### DATA SHOWN
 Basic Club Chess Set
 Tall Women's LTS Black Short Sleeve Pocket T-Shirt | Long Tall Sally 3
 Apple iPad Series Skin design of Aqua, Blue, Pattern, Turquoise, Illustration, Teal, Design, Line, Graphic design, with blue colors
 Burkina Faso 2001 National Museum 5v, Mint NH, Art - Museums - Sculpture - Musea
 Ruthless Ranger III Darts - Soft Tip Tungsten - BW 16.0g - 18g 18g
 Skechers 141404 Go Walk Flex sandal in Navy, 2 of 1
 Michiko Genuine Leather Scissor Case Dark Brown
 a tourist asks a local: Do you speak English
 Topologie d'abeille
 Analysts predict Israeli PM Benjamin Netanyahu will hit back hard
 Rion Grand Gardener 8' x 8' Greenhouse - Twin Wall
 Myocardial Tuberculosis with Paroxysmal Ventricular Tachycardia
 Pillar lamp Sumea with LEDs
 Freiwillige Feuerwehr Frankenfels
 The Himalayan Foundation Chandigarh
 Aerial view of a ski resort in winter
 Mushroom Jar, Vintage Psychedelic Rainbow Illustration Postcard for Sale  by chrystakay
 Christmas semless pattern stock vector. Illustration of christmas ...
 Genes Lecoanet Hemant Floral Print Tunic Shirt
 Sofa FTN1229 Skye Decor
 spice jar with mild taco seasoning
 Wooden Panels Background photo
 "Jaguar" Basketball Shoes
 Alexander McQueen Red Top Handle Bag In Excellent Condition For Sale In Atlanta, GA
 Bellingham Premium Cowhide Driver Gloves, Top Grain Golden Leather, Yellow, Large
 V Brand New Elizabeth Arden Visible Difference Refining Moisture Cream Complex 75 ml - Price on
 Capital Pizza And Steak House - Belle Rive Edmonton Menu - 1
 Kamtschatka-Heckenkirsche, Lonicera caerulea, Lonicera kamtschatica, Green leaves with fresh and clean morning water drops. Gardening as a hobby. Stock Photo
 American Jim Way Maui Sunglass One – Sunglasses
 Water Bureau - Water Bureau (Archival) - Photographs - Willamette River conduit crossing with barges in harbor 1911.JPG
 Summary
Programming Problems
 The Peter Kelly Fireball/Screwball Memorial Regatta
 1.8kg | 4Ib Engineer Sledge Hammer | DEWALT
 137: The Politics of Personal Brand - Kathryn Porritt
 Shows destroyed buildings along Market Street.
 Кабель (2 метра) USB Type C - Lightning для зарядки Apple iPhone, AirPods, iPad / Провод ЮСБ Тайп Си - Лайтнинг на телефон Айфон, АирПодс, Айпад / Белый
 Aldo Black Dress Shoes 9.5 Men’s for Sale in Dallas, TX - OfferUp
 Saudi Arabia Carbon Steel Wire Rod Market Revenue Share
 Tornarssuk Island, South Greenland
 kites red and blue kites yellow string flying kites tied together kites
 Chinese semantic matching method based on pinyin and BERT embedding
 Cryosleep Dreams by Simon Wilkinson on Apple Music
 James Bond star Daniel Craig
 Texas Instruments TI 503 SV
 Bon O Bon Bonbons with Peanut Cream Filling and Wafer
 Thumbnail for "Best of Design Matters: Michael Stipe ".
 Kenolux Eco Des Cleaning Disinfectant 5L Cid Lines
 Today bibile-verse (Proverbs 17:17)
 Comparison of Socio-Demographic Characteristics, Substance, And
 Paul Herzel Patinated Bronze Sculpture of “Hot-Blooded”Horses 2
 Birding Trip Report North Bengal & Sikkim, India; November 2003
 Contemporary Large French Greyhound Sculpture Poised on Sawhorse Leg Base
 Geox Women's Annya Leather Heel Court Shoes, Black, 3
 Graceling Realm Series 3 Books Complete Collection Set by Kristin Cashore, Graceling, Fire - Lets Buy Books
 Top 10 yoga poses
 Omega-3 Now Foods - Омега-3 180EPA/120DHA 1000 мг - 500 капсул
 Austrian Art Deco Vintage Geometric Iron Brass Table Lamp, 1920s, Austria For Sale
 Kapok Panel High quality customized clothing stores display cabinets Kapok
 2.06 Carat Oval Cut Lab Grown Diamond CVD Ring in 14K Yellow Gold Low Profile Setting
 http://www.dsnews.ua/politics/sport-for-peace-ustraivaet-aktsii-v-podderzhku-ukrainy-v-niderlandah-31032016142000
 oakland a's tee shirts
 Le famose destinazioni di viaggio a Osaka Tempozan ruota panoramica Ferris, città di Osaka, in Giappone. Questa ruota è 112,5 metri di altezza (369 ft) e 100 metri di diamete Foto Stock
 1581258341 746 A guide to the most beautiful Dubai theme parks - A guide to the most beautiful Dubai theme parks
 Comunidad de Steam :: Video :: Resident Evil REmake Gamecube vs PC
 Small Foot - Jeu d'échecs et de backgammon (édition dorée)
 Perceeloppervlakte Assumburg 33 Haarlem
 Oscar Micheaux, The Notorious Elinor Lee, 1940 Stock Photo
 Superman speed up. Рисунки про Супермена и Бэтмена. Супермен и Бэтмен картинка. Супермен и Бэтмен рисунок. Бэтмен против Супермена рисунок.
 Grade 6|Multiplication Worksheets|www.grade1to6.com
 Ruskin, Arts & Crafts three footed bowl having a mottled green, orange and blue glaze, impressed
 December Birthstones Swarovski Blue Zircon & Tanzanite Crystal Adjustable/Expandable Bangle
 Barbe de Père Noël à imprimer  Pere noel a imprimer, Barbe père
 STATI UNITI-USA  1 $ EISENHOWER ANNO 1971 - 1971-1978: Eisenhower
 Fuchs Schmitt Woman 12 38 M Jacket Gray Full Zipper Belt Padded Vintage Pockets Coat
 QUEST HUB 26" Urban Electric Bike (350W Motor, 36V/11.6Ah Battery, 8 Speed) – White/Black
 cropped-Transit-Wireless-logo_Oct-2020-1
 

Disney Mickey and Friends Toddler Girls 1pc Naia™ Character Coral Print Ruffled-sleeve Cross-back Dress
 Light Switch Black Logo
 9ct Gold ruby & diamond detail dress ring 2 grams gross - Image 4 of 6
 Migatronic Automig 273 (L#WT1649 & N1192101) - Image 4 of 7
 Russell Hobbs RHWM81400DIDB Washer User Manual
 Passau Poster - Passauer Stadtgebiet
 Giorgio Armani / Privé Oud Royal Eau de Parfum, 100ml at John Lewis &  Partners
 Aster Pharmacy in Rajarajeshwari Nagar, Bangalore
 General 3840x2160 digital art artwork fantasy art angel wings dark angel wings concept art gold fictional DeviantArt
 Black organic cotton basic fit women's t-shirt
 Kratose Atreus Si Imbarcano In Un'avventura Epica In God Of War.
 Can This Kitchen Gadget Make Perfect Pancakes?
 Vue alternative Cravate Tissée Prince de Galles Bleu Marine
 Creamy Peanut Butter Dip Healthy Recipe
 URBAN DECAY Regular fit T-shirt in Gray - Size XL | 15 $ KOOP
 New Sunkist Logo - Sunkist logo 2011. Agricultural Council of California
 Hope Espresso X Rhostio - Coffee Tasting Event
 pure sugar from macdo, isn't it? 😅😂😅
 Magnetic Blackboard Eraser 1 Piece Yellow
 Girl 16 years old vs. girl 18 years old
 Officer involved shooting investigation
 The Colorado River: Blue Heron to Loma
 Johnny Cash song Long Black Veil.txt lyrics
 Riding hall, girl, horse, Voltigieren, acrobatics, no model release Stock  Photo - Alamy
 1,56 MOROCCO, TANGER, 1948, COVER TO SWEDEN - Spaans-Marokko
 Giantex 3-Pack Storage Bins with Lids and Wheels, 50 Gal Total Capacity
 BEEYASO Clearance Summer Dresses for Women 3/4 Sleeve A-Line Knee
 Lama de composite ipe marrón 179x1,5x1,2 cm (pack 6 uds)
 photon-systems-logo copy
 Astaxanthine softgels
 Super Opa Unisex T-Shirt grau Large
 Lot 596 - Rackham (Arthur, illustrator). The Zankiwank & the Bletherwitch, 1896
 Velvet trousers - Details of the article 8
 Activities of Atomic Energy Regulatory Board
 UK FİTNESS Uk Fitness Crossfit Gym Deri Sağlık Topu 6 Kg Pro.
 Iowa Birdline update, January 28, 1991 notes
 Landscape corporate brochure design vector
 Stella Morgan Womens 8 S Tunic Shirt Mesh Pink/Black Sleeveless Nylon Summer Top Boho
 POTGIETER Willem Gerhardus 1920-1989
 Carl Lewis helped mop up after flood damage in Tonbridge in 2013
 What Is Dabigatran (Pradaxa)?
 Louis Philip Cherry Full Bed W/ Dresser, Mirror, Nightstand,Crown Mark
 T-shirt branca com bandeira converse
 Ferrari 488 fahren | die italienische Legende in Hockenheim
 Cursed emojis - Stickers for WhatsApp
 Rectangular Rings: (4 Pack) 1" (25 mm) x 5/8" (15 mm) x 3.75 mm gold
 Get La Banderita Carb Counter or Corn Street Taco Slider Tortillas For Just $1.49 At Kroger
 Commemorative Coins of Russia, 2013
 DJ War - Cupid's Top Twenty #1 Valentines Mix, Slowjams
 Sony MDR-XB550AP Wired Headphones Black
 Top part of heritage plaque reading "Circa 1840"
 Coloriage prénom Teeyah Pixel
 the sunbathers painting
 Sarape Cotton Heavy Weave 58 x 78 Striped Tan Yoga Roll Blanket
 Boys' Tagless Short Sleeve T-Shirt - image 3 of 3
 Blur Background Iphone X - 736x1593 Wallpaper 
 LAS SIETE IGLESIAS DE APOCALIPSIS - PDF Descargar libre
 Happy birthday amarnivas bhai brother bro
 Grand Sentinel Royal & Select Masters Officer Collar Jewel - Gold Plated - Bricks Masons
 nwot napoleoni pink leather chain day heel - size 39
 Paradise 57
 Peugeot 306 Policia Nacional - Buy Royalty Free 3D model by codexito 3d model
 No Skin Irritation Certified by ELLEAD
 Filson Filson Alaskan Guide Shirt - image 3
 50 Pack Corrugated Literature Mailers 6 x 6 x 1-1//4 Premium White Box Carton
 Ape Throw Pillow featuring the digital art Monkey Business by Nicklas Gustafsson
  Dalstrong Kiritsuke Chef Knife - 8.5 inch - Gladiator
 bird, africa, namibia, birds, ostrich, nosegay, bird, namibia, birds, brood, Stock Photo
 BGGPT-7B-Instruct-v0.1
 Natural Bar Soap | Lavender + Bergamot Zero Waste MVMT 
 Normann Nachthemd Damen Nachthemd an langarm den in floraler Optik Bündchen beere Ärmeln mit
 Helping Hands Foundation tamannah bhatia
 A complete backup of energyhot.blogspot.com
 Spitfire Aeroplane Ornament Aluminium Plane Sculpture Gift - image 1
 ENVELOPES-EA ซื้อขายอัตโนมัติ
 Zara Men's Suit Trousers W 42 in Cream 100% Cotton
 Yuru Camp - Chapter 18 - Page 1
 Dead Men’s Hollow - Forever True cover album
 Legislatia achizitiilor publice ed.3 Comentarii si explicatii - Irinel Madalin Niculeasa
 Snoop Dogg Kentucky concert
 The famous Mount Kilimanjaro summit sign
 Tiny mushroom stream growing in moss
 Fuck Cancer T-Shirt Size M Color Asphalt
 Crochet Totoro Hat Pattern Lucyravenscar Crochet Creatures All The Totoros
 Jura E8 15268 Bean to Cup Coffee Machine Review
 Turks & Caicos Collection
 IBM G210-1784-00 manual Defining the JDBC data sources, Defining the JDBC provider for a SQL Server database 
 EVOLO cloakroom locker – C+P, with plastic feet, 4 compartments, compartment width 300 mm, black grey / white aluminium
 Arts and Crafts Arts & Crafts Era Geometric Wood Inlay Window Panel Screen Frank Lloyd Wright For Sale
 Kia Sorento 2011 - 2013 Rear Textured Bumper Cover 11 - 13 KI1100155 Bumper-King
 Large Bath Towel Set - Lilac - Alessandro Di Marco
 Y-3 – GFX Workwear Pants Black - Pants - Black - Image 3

### TO DO
In the listing above, find the line containing "Normann Nachthemd Damen" and the line containing "Spitfire Aeroplane Ornament", then quote both, plus every line between them, exactly as written.

### OUTPUT FOR THIS TASK
 Normann Nachthemd Damen Nachthemd an langarm den in floraler Optik Bündchen beere Ärmeln mit
 Helping Hands Foundation tamannah bhatia
 A complete backup of energyhot.blogspot.com
 Spitfire Aeroplane Ornament Aluminium Plane Sculpture Gift - image 1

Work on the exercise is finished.